◆ SOURCE DATA ◆
★ ★ ★
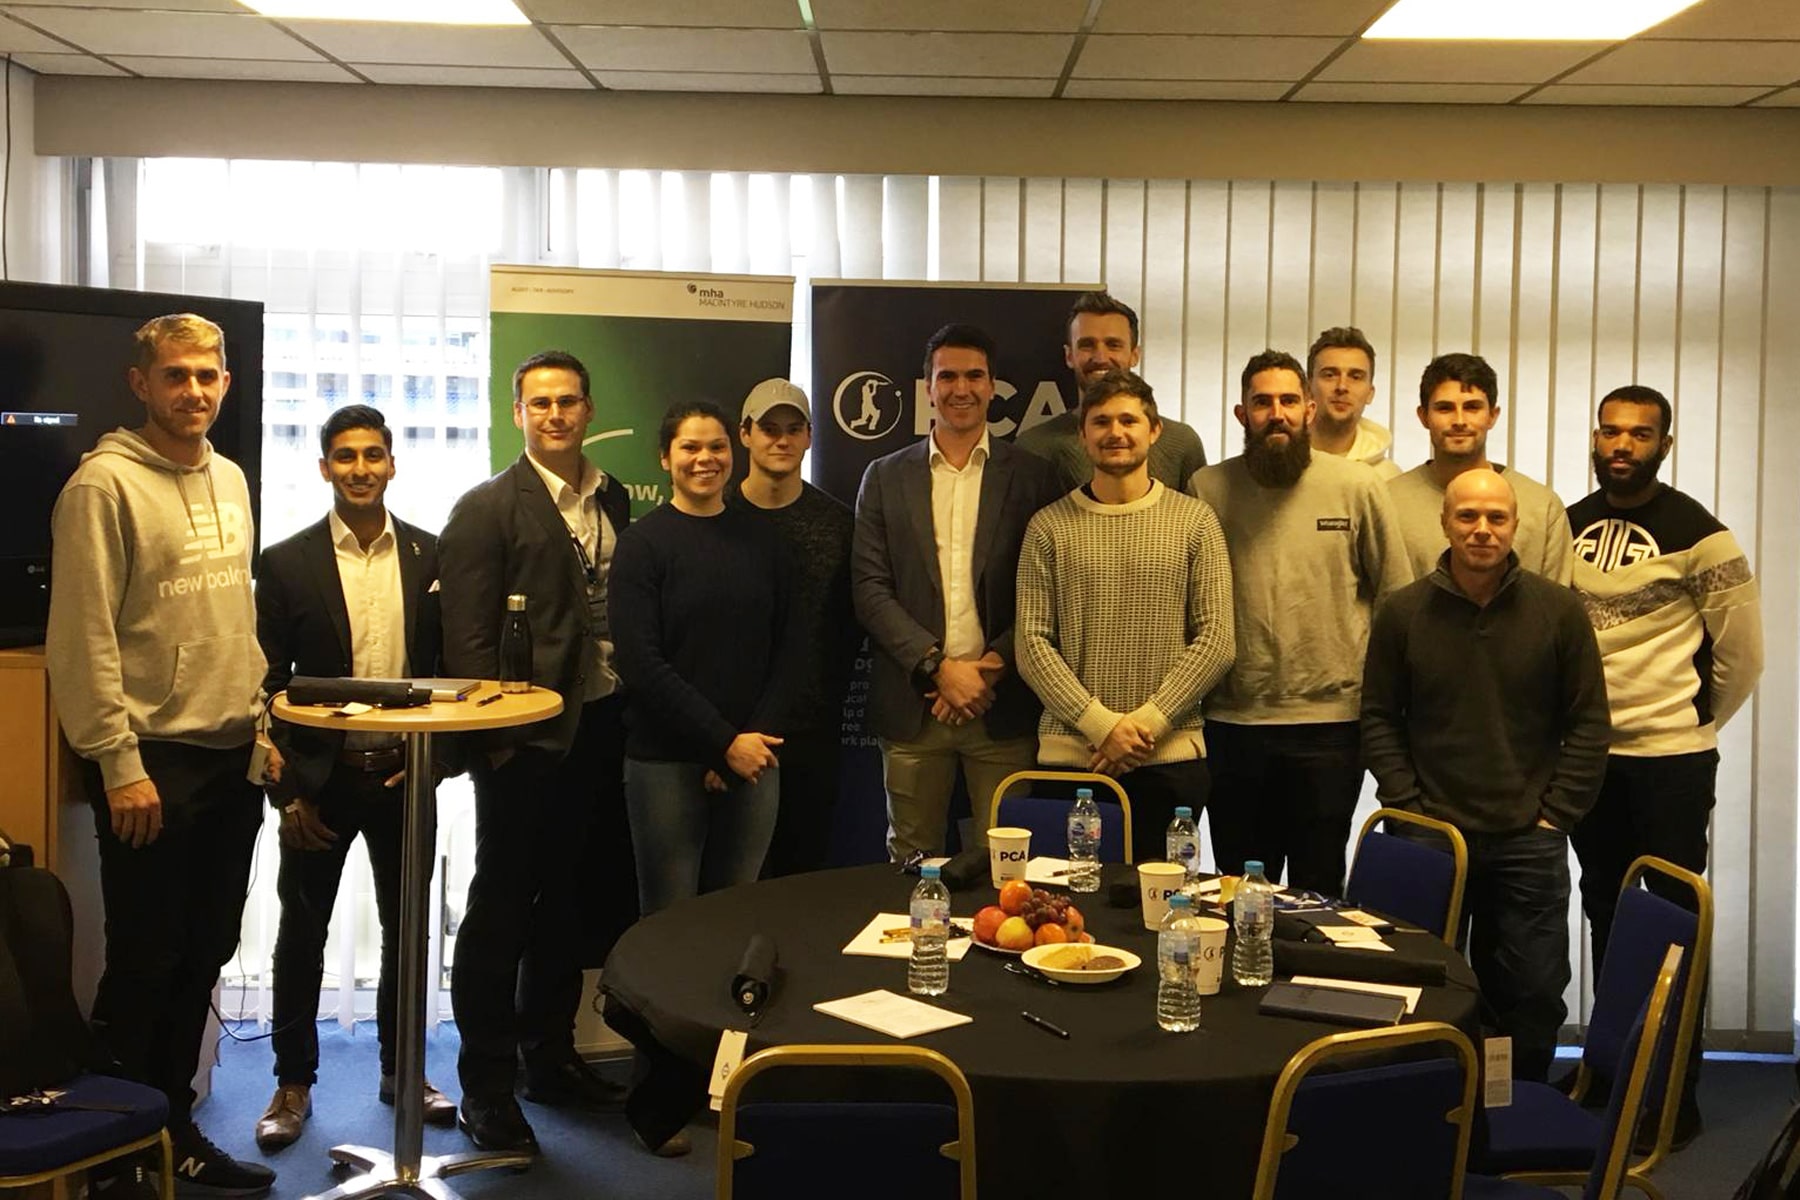 Members attend ‘Mind your business’ seminar
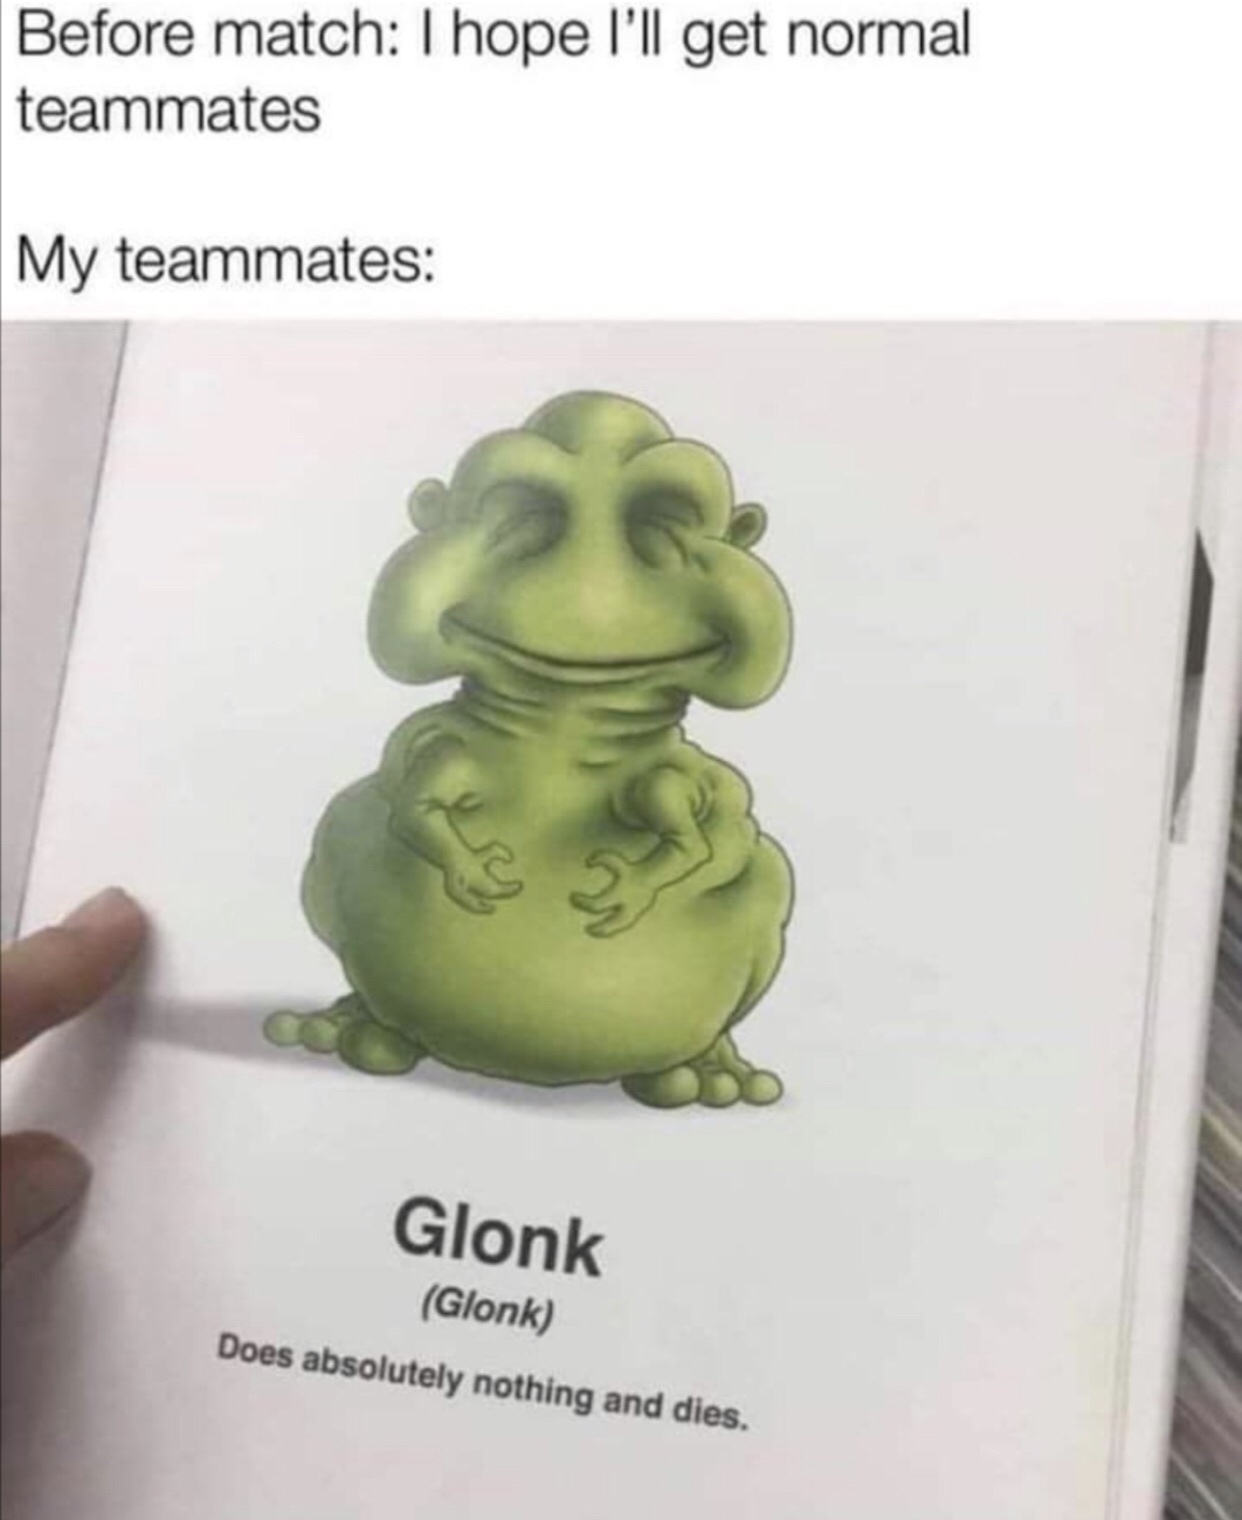 gonk spirit animal - Before match I hope I'll get normal teammates My teammates Glonk Glonk Does absolutely nothing and dies.
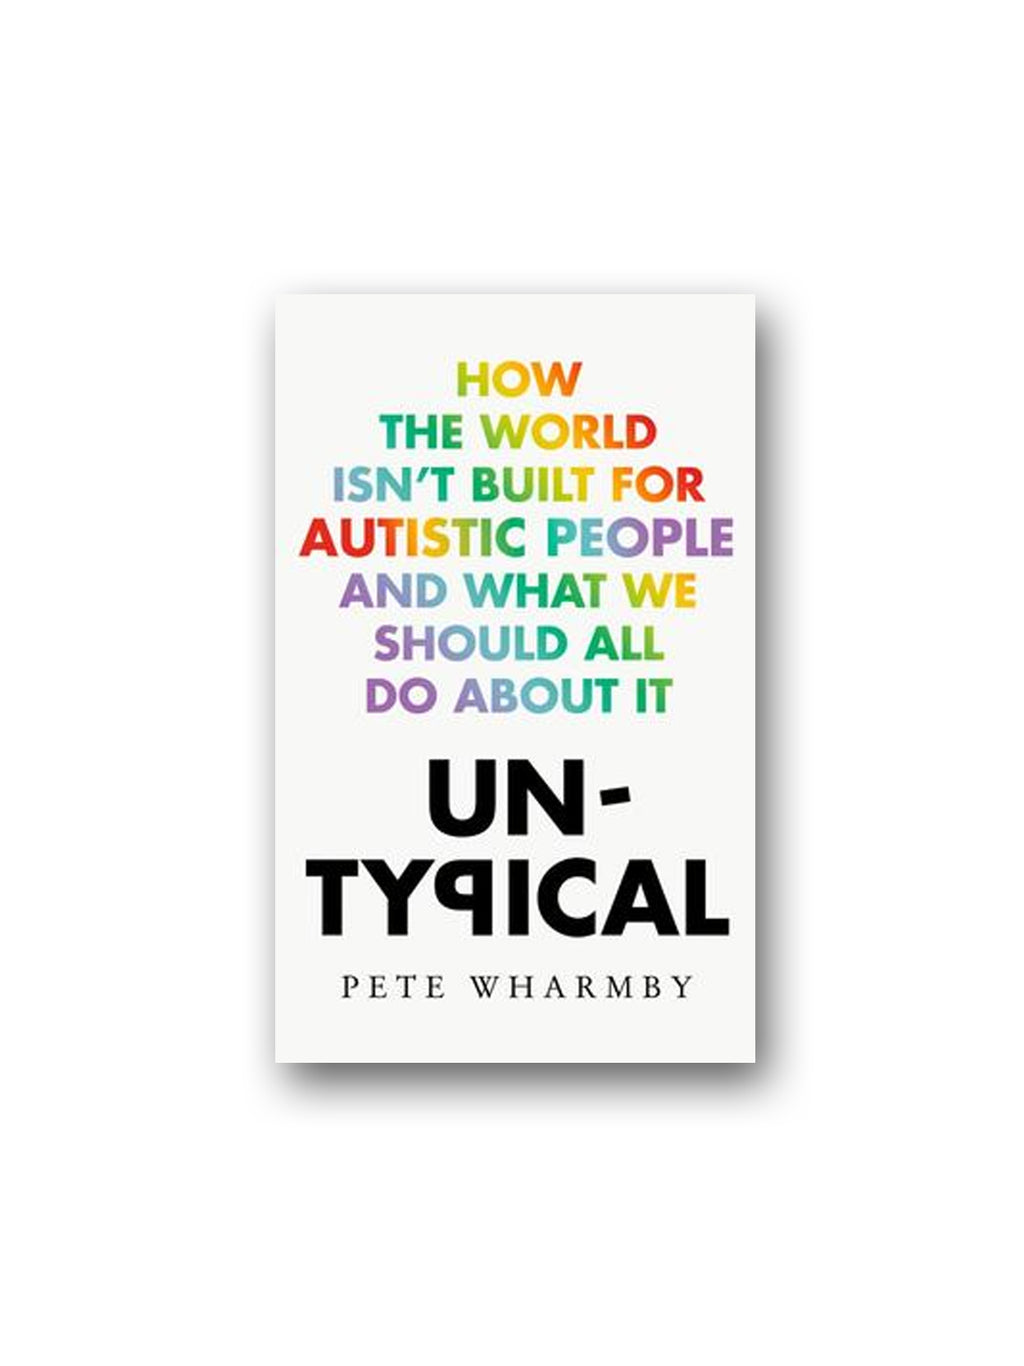 Untypical : How the World Isn't Built for Autistic People and What We Should All Do About It
★ ★ ★
◆ WHAT IS NEEDED ◆
Except for the pictures, return every line of the material exactly.

◆ WRITTEN SOLUTION ◆
 Members attend ‘Mind your business’ seminar
 gonk spirit animal - Before match I hope I'll get normal teammates My teammates Glonk Glonk Does absolutely nothing and dies.
 Untypical : How the World Isn't Built for Autistic People and What We Should All Do About It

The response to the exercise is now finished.